PROBLEM STATEMENT:
All of the data below is to be repeated exactly, except for the pictures.

DATA BELOW:
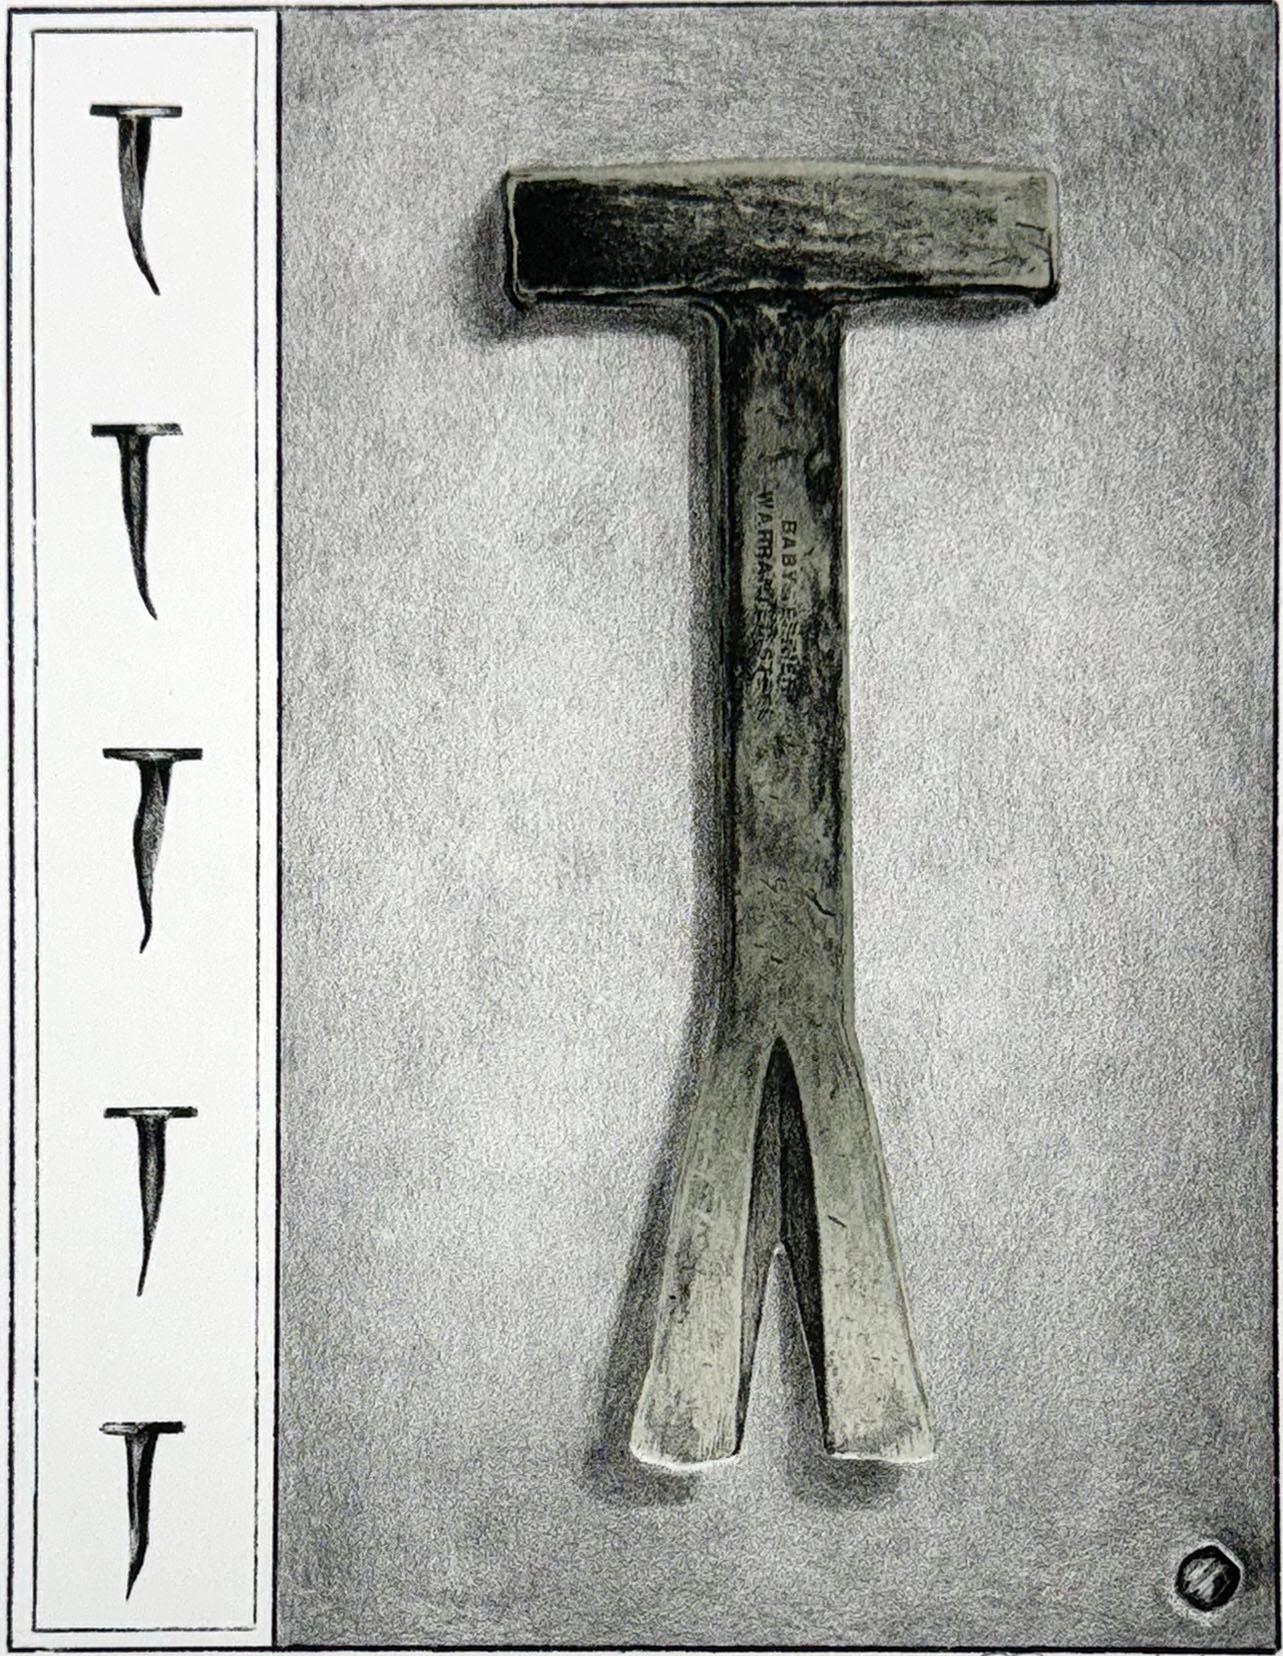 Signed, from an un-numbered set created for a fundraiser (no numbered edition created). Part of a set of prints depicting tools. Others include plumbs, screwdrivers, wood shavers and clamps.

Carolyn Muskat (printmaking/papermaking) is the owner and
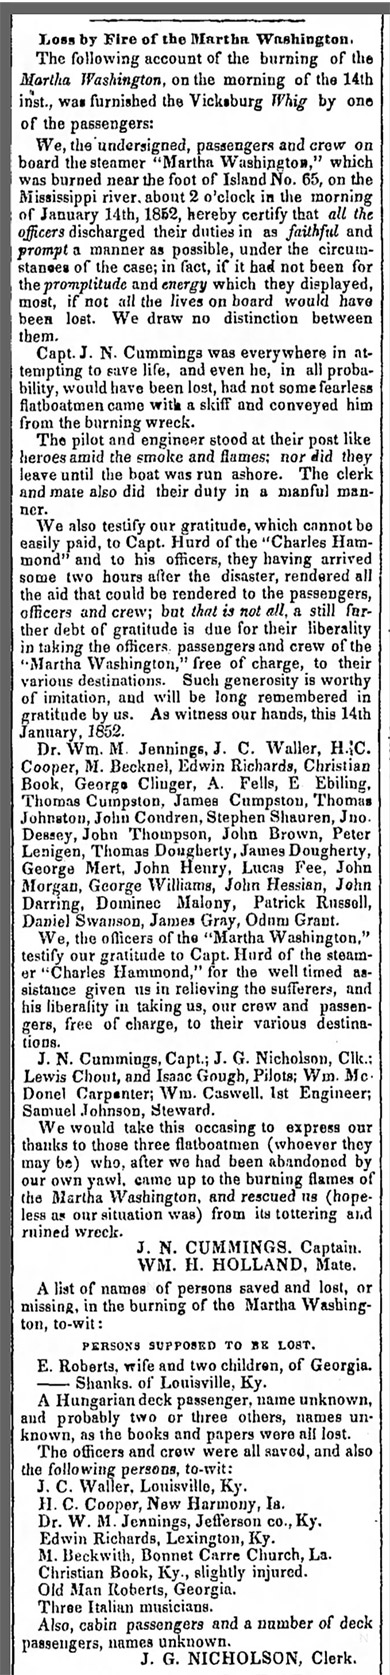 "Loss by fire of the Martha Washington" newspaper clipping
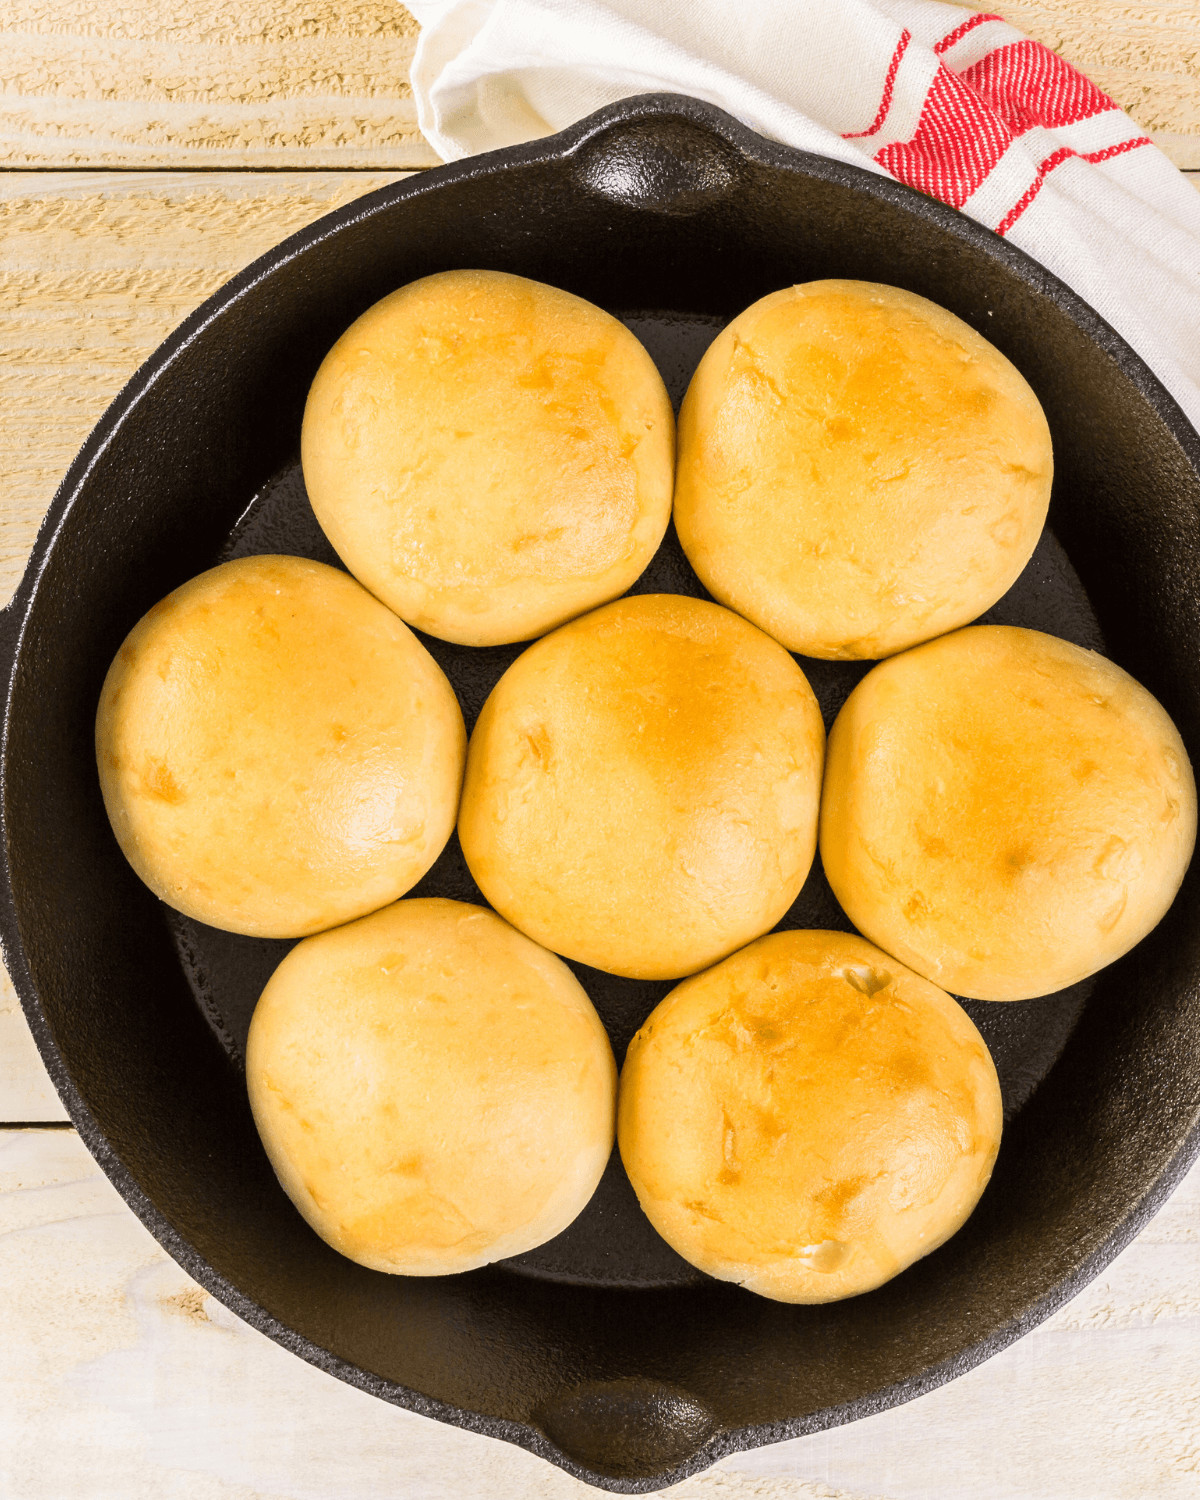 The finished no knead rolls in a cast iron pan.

SOLUTION:
 Signed, from an un-numbered set created for a fundraiser (no numbered edition created). Part of a set of prints depicting tools. Others include plumbs, screwdrivers, wood shavers and clamps.

Carolyn Muskat (printmaking/papermaking) is the owner and
 "Loss by fire of the Martha Washington" newspaper clipping
 The finished no knead rolls in a cast iron pan.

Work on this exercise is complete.